TASK GOAL = Restate word for word the section of the entries that opens at the line containing "Fotografía de Zinedine" and closes at the line containing "Um parágrafo do", both lines kept, pictures dropped.

INFORMATION GIVEN: Begin

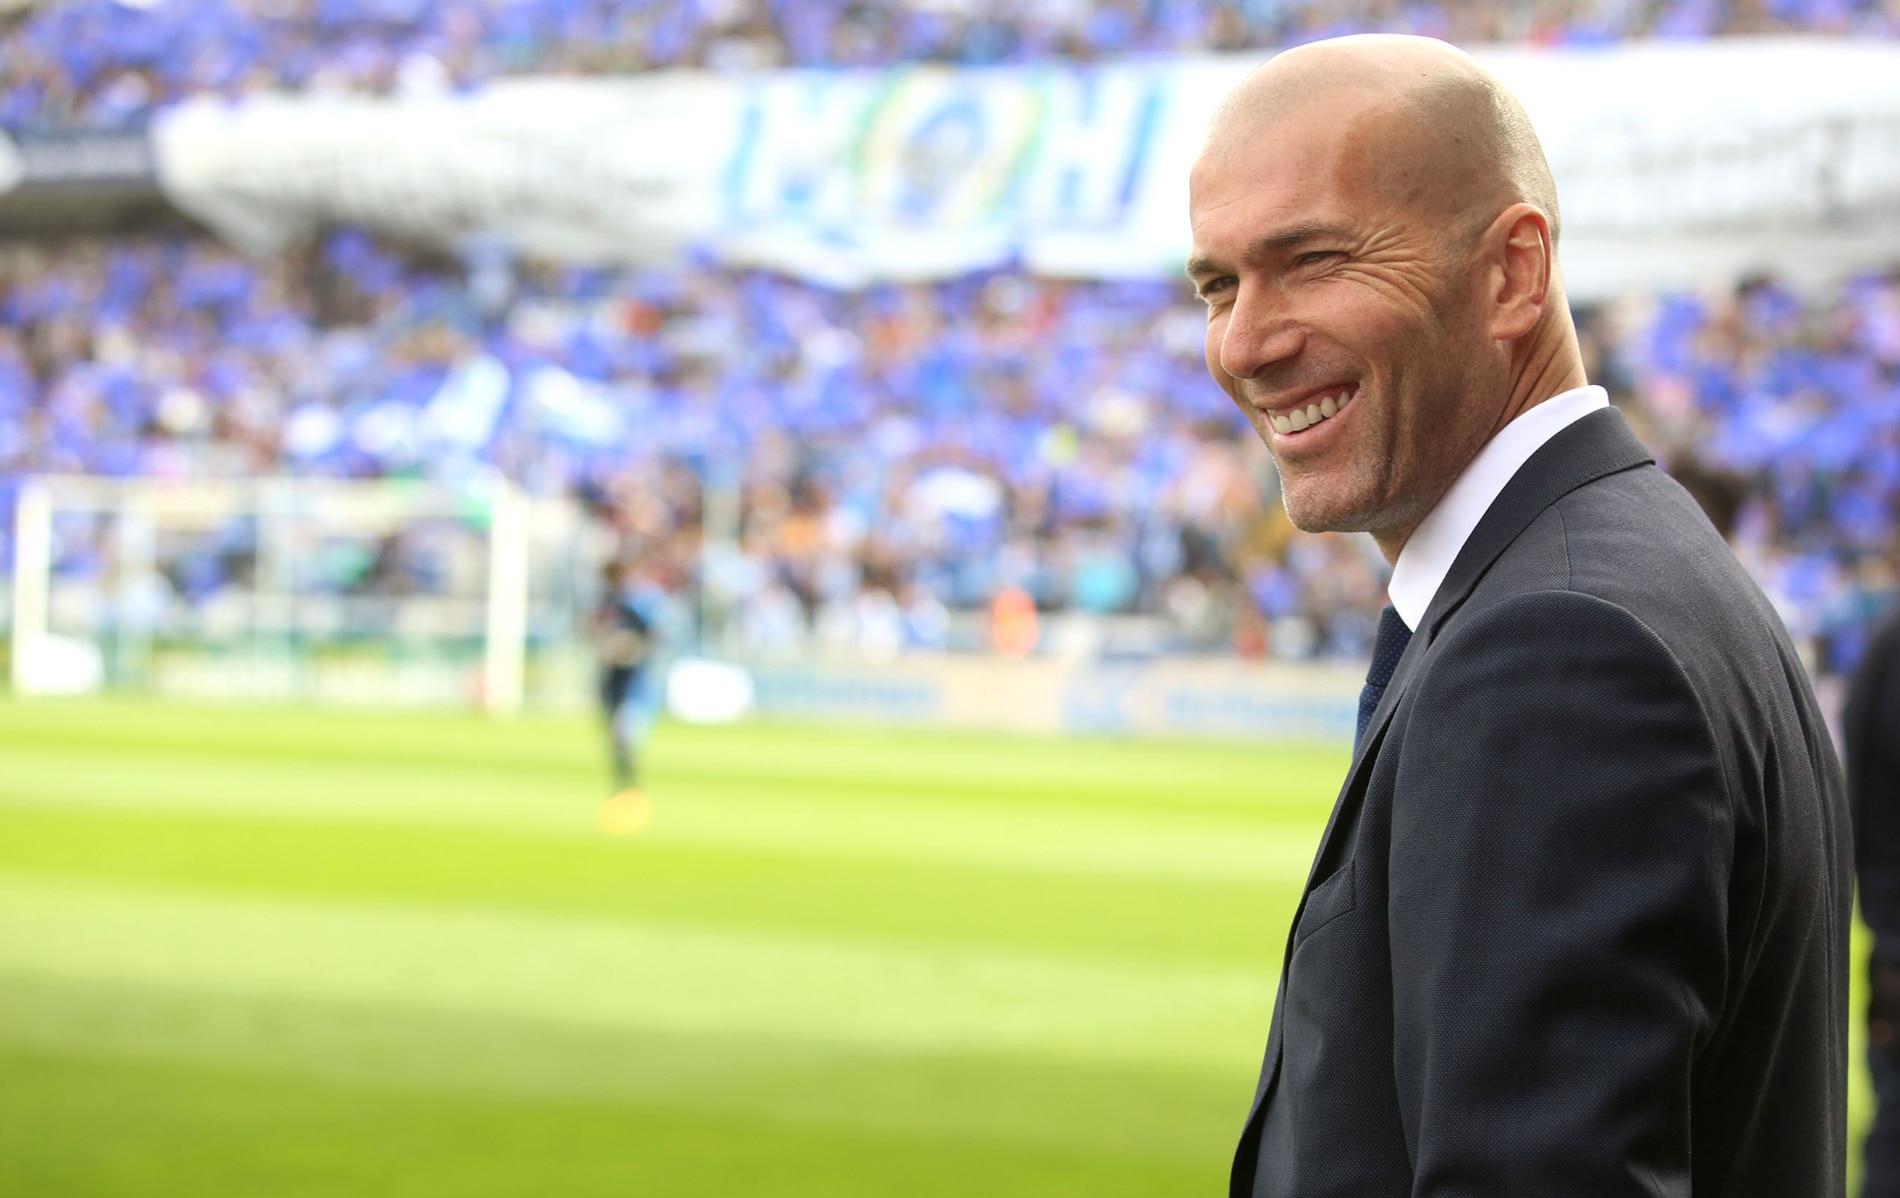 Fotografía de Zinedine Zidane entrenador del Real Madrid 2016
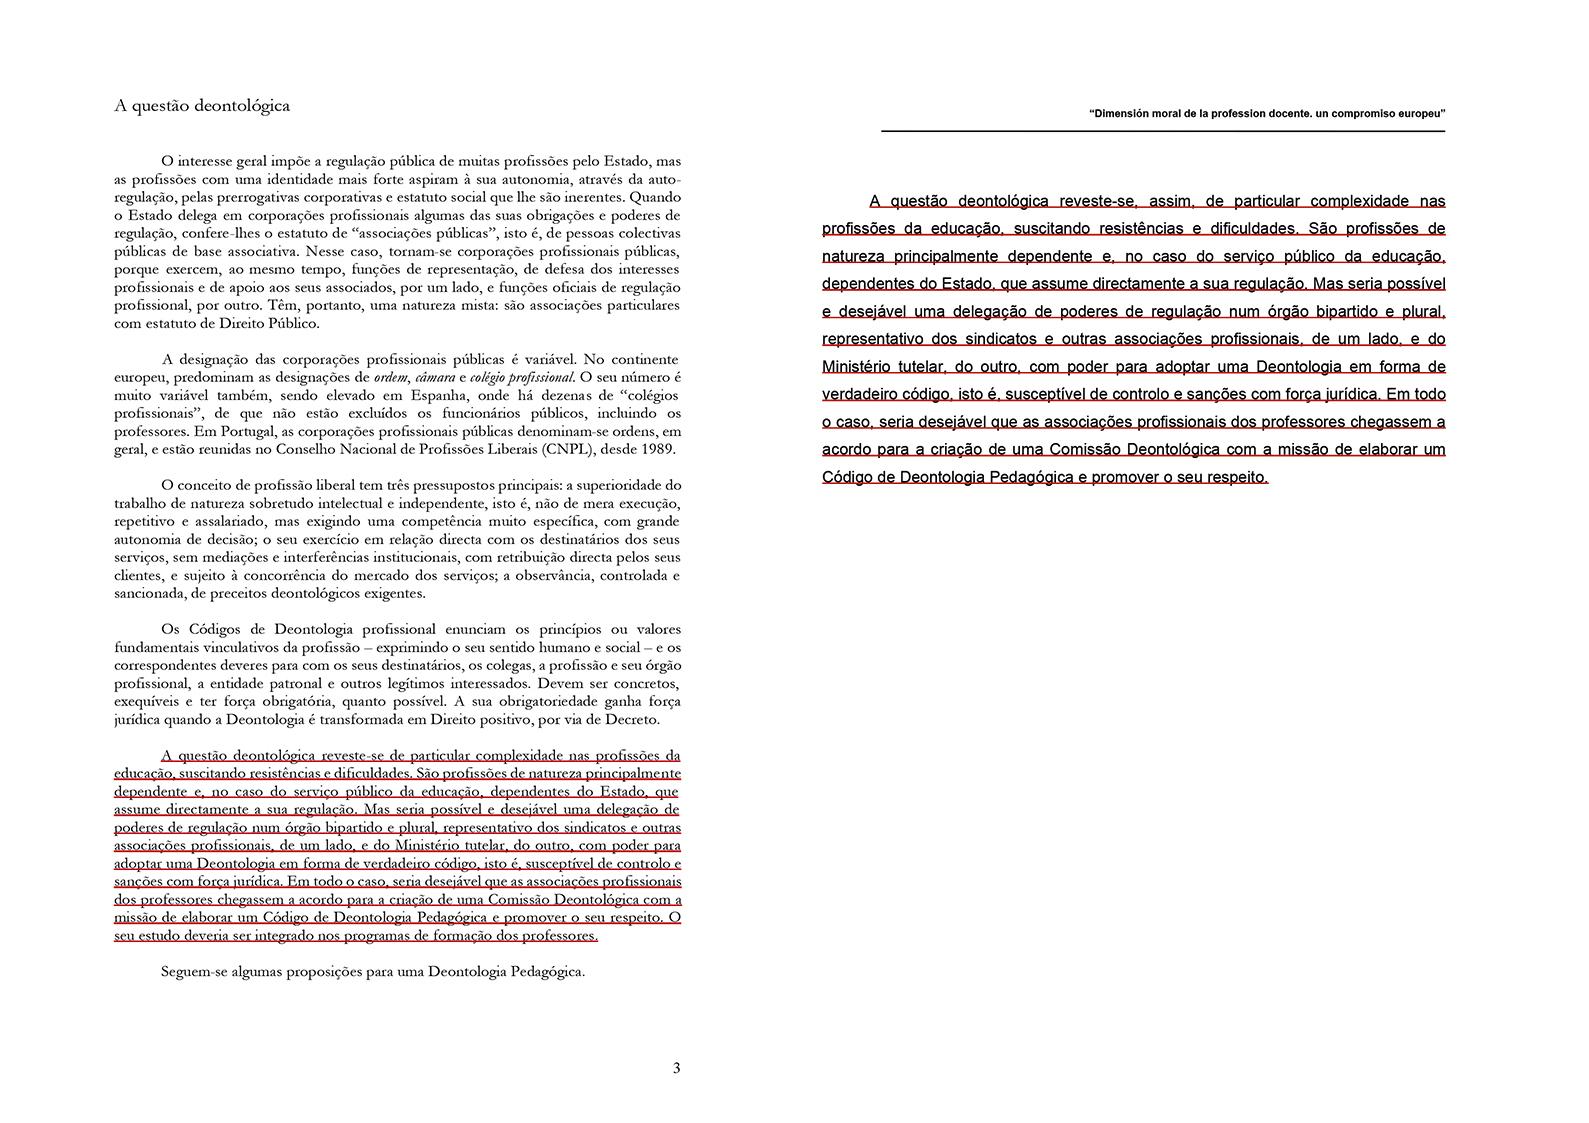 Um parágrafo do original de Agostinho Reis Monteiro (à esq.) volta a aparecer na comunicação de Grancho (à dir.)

INFORMATION GIVEN: End
INFORMATION GIVEN: Begin

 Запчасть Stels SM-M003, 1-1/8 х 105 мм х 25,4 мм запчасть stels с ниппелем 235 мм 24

INFORMATION GIVEN: End
INFORMATION GIVEN: Begin

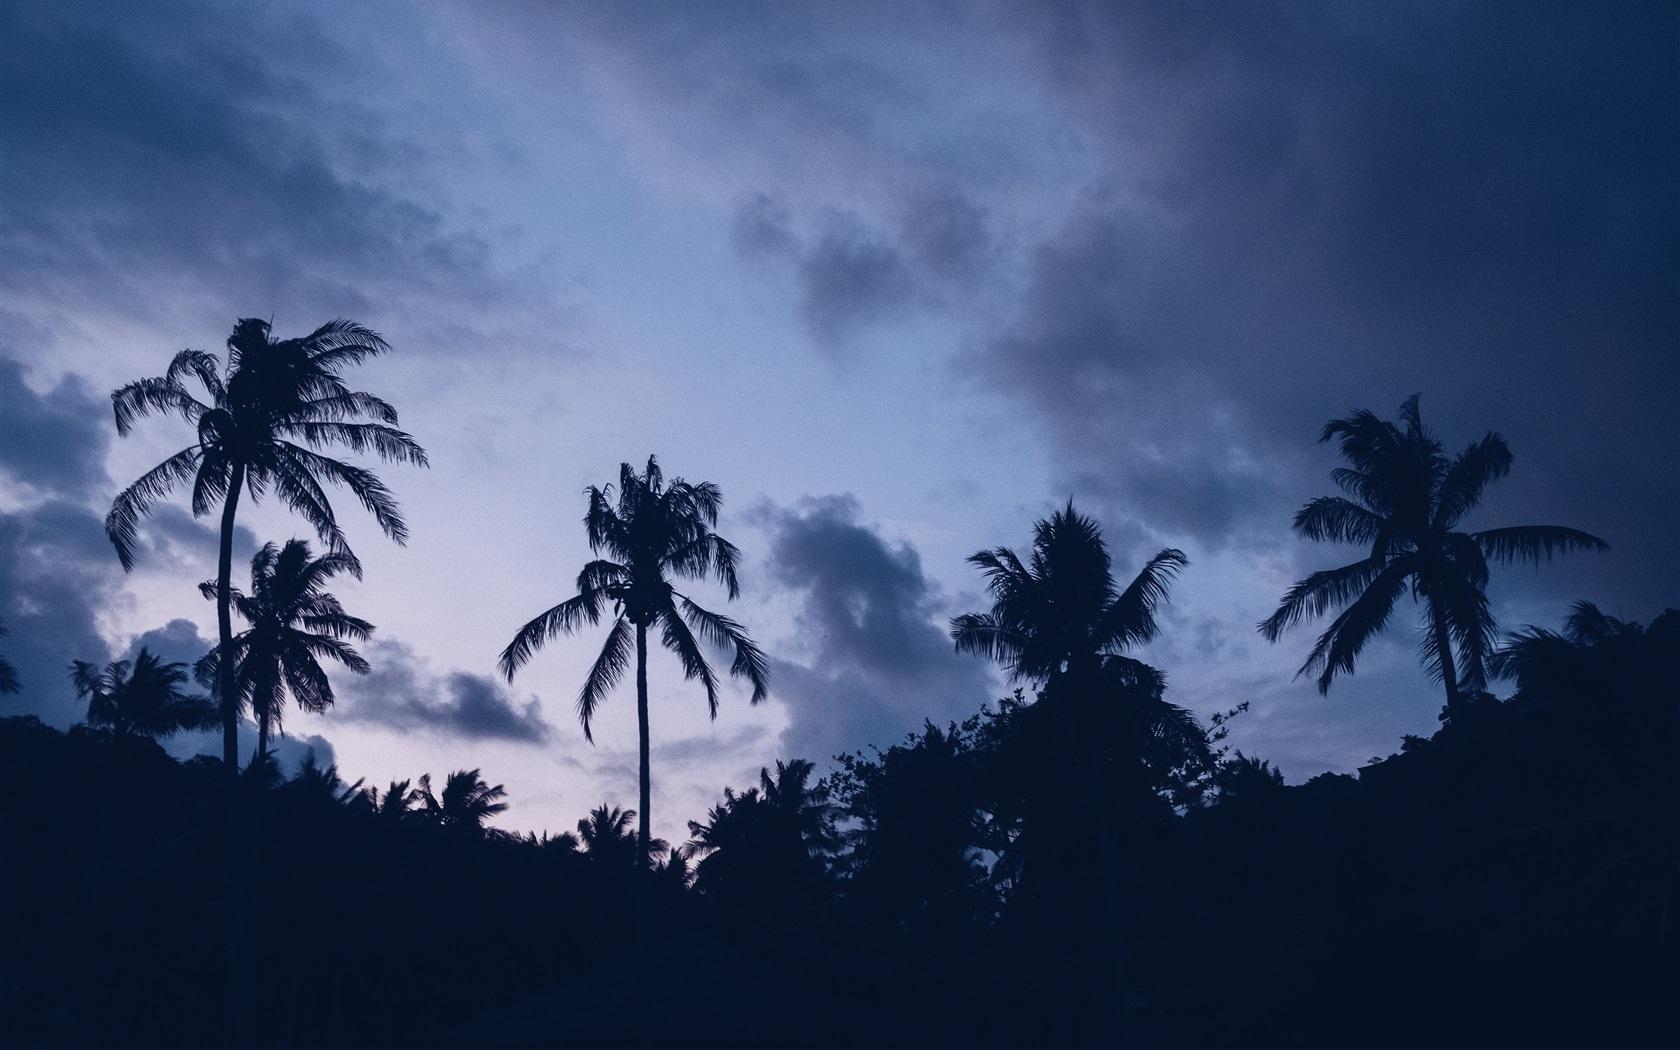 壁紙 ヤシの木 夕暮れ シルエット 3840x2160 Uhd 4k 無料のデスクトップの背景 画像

INFORMATION GIVEN: End

EXERCISE ANSWER =
 Fotografía de Zinedine Zidane entrenador del Real Madrid 2016
 Um parágrafo do original de Agostinho Reis Monteiro (à esq.) volta a aparecer na comunicação de Grancho (à dir.)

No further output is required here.